1. Competition is a critical micro business factor that affects the operations of an organization. Businesses operate in competitive business environments that affect their business strategies, pricing, quality of products, and product safety measures. Most companies perform market competitive analysis to compare their offerings and prices to those of competitors (Porter, 2011). The ability to understand a firm’s competitors helps a company design competitive strategies so as to maintain competitiveness and sustainability in the market.
Competitive advantage is build by increasing production quality, customer services, and operational efficiencies by an organization. Competition in the market impacts on the prices charged on products by businesses. The extent of competition in the market determines the amount of prices set by companies (Mayer, Melitz, & Ottaviano, 2014). This means that where there is stiff competition, a company lowers its prices to gain a competitive advantage and win more customers over its rivals.
Also, the level of competition in the market affects the range of services and nature of products offered by an organization to the market. More competition leads to increased quality of goods and services by a firm in an attempt to attract and retain more customers (Brown & Osborne, 2012). For instance, organizations that sell inferior products to that of a competitor struggle to make reasonable sales in the market unless they lower prices.
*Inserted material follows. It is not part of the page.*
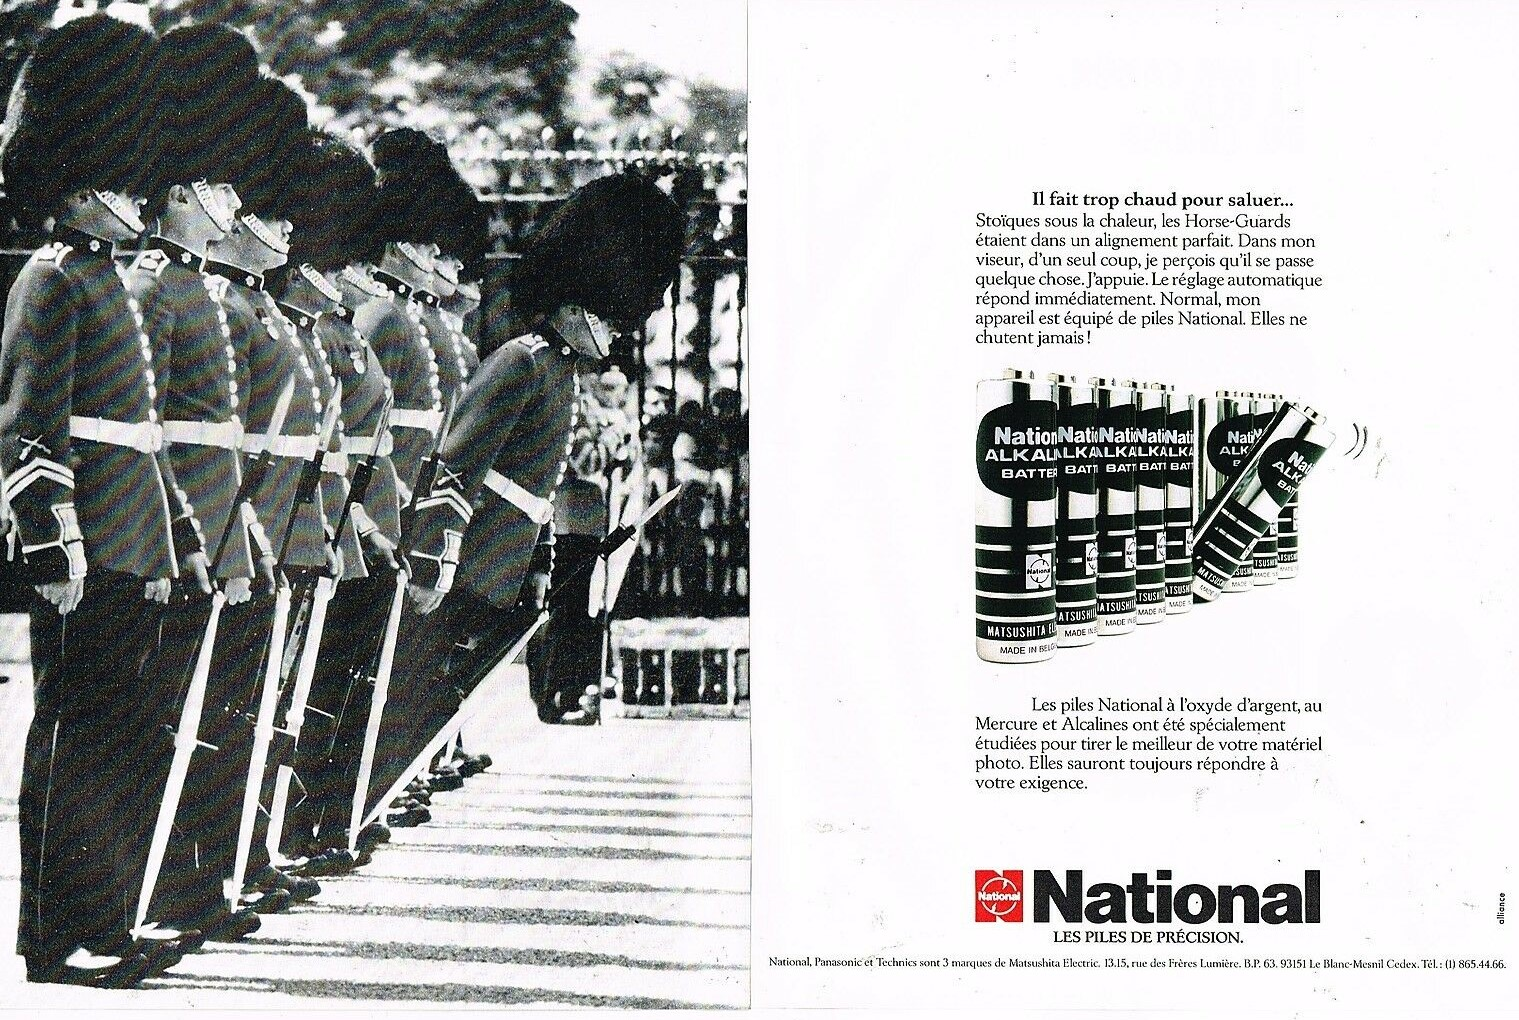 1983 Les Piles National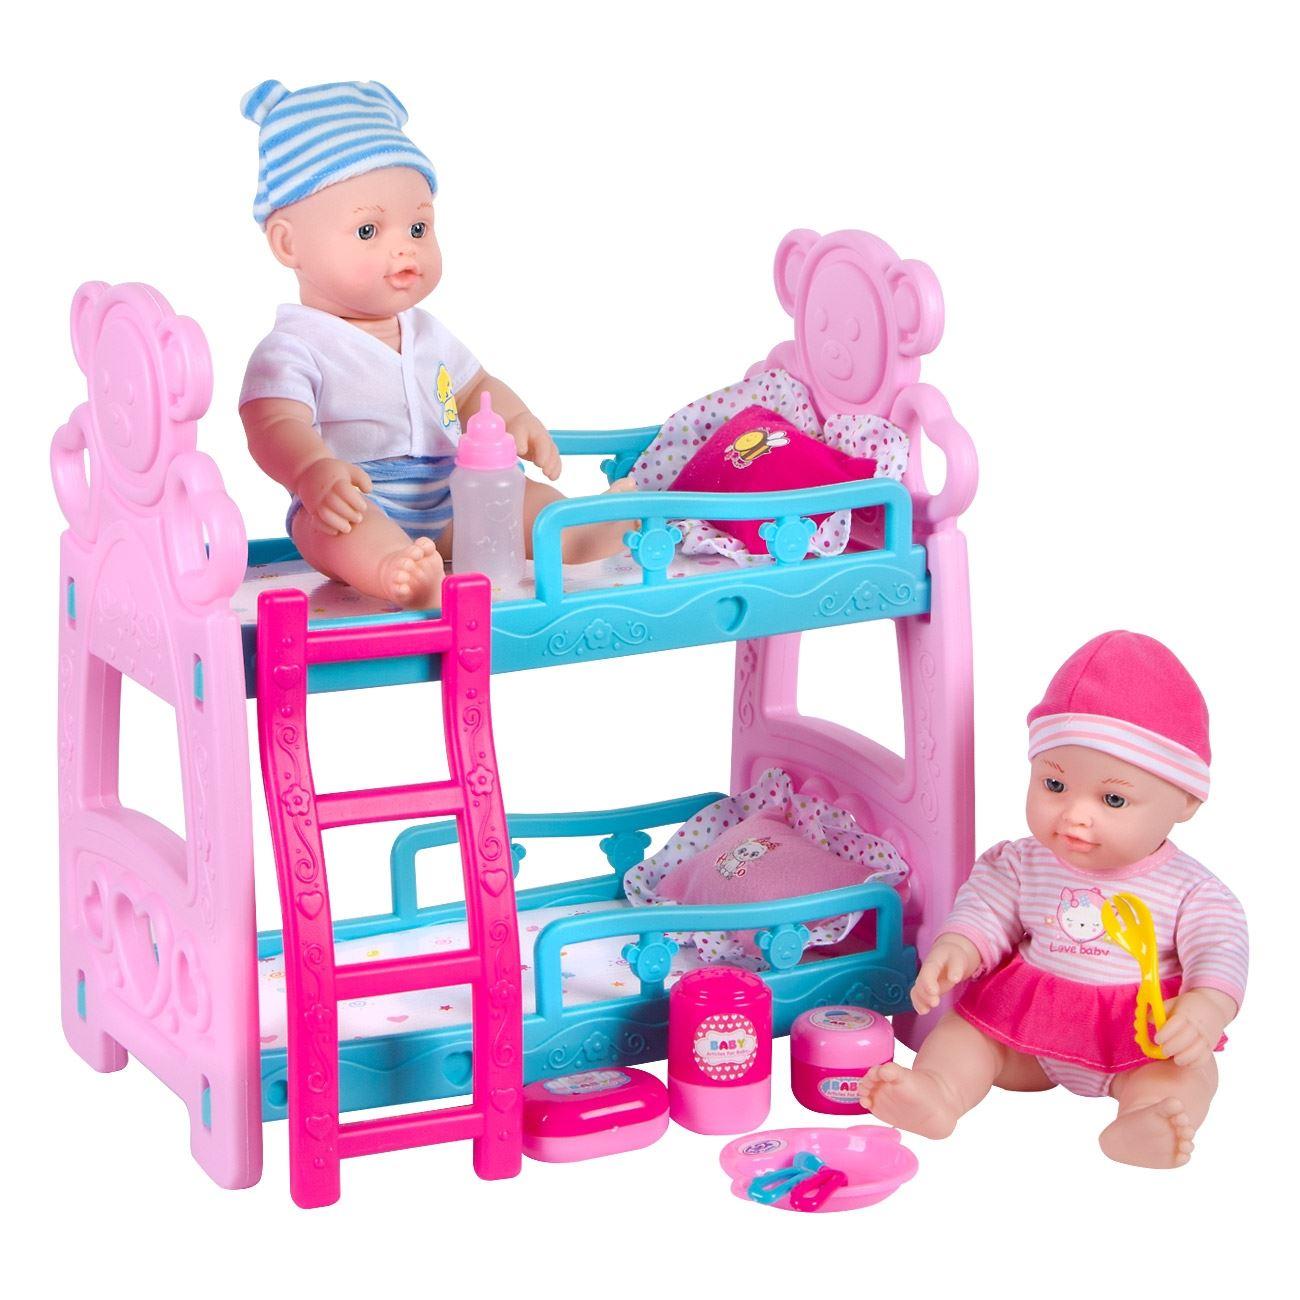 869e4fccac5 Κρεβατάκι Κουκέτα με 2 Μωρά & Αξεσουάρ < Σετ Μωρά | Jumbo

Gaining a competitive advantage against the rivals is the primary goal of every firm in a given industry. Organizations design competitive strategies that can benefit their customers hence clients retention (Porter, 2011). Therefore, organizations must strengthen production and customer service qualities to gain competitiveness and sustainability in the market.
2. Organizations operate in changing marketing environment. Marketing involves understanding clients needs and demands with an anticipation of the potential shifts in the future. Lack of response to business troubles contributes to organizational failure (Brown & Osborne, 2012). The management of organizations needs to take best responses on the changes in the marketing environment to enhance competitive advantage in the industry.
Customers tastes and preferences regularly change. The organization needs to conduct annual strategic planning that addresses changes in customers behavior. The fact that the world is getting richer shows that modern customers demand more sophisticated products. The marketing management needs to produce high quality and technology made products that suit consumer preferences (Brown & Osborne, 2012). This would help in retaining customers hence increased competitiveness.
Changes in technology lead to marketing environment changes. It is the responsibility of marketing management to update their marketing technologies so as to meet broader markets. For instance, the use of online marketing through the social media. The use of current marketing technology by an organization plays a vital role in customer attraction hence maintaining competitiveness in the market (Porter, 2011).
Further, an organization needs to recruit skilled, experienced, and qualified marketing personnel who are imaginative. In the event of new offerings in the market, having talented and competent personnel helps in creating and innovating new ideas of developing the new product. Product modification would assist an organization acquire more customers and hence withstanding demand changes in the market (Hussain & Ilyas, 2011). As a result, customers remain happy and loyal to the organization hence enhancing competitive advantage over the rivaling firms.
Brown, K., & Osborne, S. P. (2012). Managing change and innovation in public service organizations. Routledge.
Hussain, M. F., & Ilyas, S. (2011). The environment for innovation: Gaining competitive advantage. African Journal of Business Management, 1232-1235.
Mayer, T., Melitz, M. J., & Ottaviano, G. I. (2014). Market size, competition, and the product mix of exporters. The American Economy Review, 495-536.
Porter, M. E. (2011). The competitive advantage of organizations: creating and sustaining superior performance. Simon and Schuster.